*** Given information Section Begins ***
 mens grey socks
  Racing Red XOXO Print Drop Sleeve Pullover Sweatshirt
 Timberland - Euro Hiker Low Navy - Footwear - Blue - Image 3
*** Given information Section Ends ***
* _Assigned task_: Restate the data above word for word, omitting nothing.

* _Exercise solution_:
 mens grey socks
  Racing Red XOXO Print Drop Sleeve Pullover Sweatshirt
 Timberland - Euro Hiker Low Navy - Footwear - Blue - Image 3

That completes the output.